XIII. All members of Congress are hereby exempted from compliance with any law passed by Congress. (We've been running that way for decades anyway, but were starting to hear some complaints, so we thought we'd put it right in the Constitution.)

November 04, 2010

Why do Dems hate business?

It seems so-called "progressives", liberals and Democrat politicians hate business people.

Of course they talk constantly about the importance of jobs to the economy, but their actions show that they really don't give a damn about business. To progs and socialists the only useful function of a business is to provide jobs for Democrat voters.

Moreover, socialists seem to believe that all they have to do is order businesses to hire people and it'll be done. After all, that's what happens in every other area of government: the rulers make the laws and regulations and everyone must obey or face huge fines or possibly jail time.

Most pols don't understand that businesses don't exist to provide jobs or generate tax revenue for them to spend. They certainly do those things, of course, but only incidentally to their main function.

Because Americans have always lived with freedom and free enterprise, most of us don't see what a boon it is to have hundreds of thousands of small businesses that fulfill virtually every possible consumer need or desire. And of course Hollywood has made eeevil businessmen the villain in countless movies and television shows for decades. Thus roughly half of Americans seem to be fairly hostile to business.

I doubt that Dems/socialists/"progressives" (what a beautiful piece of misleading naming that last one is!) will ever abandon their animosity to business and free enterprise, but with luck a few more elections like last Tuesday's may make that irrelevant.

Dem revisionist history, episode 84

Dictators and thugs often try to re-write history to make themselves look better. They count on people not having a sharp memory of events that happened more than a couple of years ago. And it usually works.

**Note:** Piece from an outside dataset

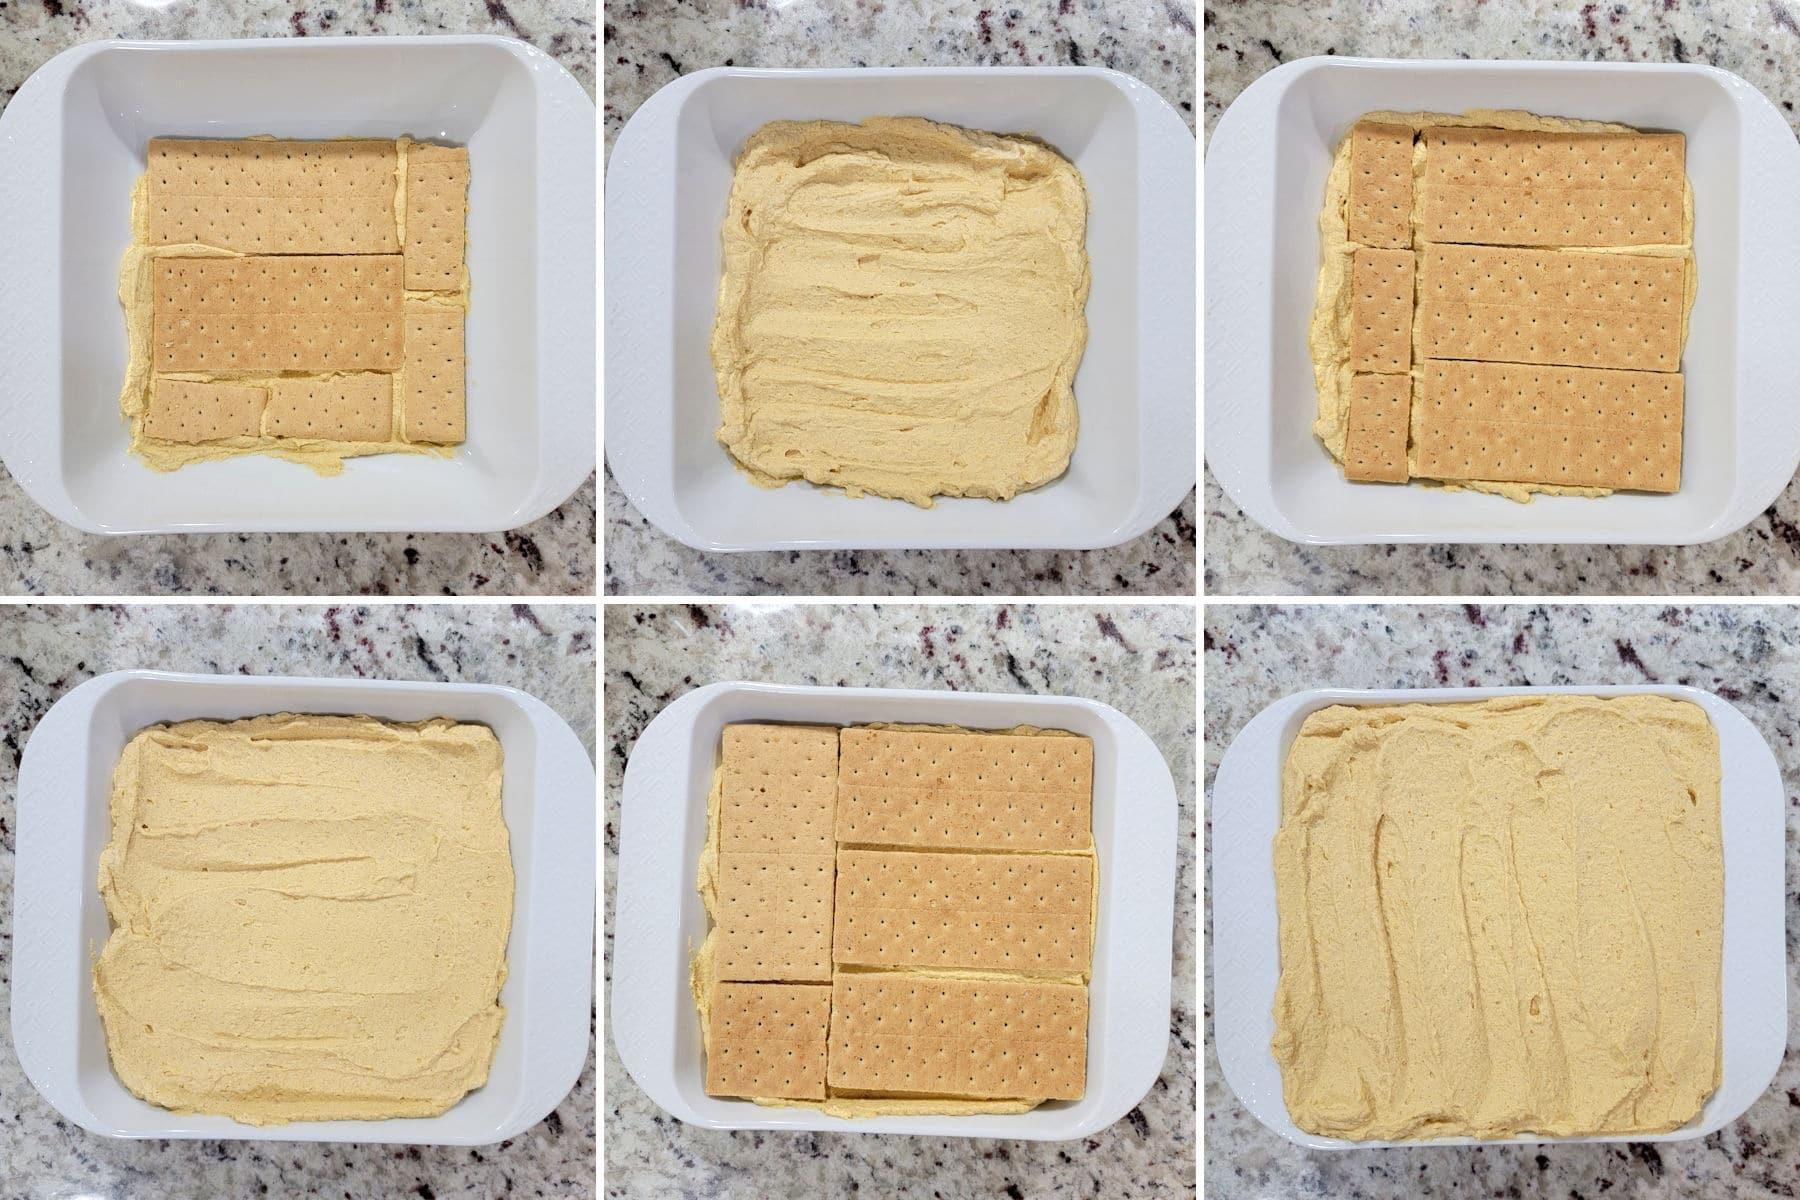 Assembling layers of a pumpkin icebox cake.

In a story pushing the expected call for "bipartisanship" after the overwhelming GOP sweep, The Hill reported a leftist Dem congressman calling for Republicans to "disavow" the impeachment of Bill Clinton, as follows:
On the day after Republicans reclaimed control of Congress, a Democratic lawmaker said he will introduce a measure that would "disavow" the impeachment of former President Clinton.

Rep. Chaka Fattah (Pa.) said that the resolution is necessary so that Democrats and Republicans can work together in a bipartisan fashion.

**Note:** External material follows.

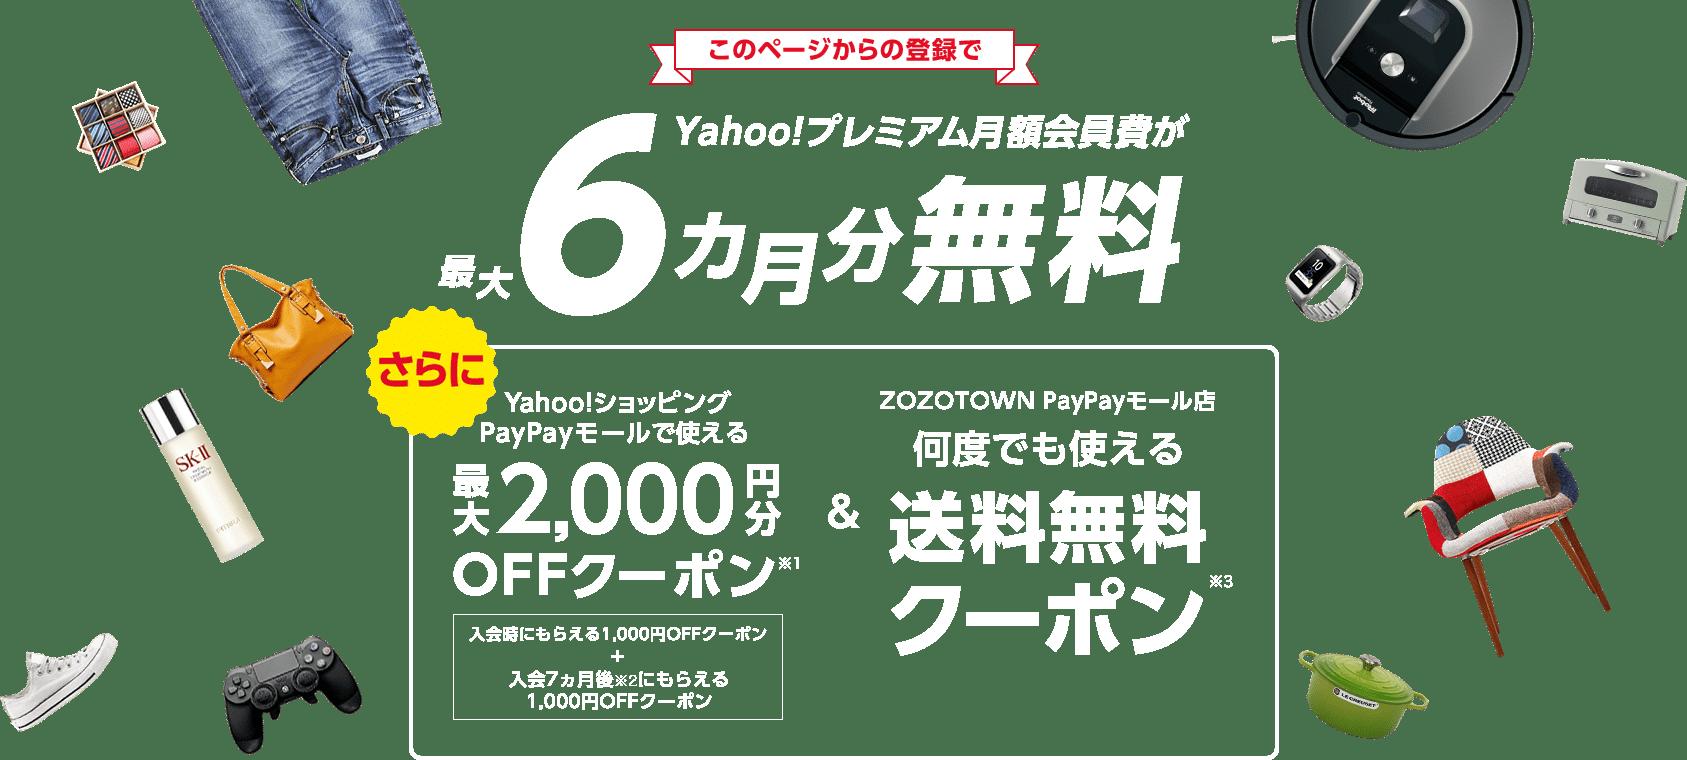 Yahoo!プレミアム月額会員費が最大6カ月分無料、さらにYahoo!ショッピングで会員登録後にすぐ使える最大2,000円クーポンをプレゼント!

The last time they were in power House Republicans impeached Clinton for allegedly perjuring himself over his supposed affair with White House intern Monica Lewinsky. Clinton, only the second president in history to be impeached, was eventually acquitted at trial in the Senate.

Did you catch the revision of history? First the writer implies that Clinton's proven perjury didn't actually occur but was merely "alleged." Second, he (she?) states that Clinton was "acquitted" by the Senate trial. Any normal meaning of the word would suggest that the senate "jury" found that Clinton didn't commit perjury. In fact the senators made no such finding.

It should be an eternal shame to the Dems that they voted to let Clinton remain in office despite finding that he had in fact lied in sworn testimony in a legal case--which is perjury, and a felony.

That piece of political whoredom--Senate Democrats voting to put their party's power above the law--hugely damaged the idea that all are equal under our laws, as it proved what most people suspected: that powerful people are effectively above the law--that laws that apply to "ordinary" Americans don't apply to them.

I have no problem with sexual fun between consenting parties. But I hate it when partisan journo-whores try to rewrite history to whitewash the errors their party made in the past--not the dalliance but the totally partisan vote to retain a perjuring president in office.

Oh, and for the record, I find the sudden post-election interest in bipartisanship...predictable and amusing.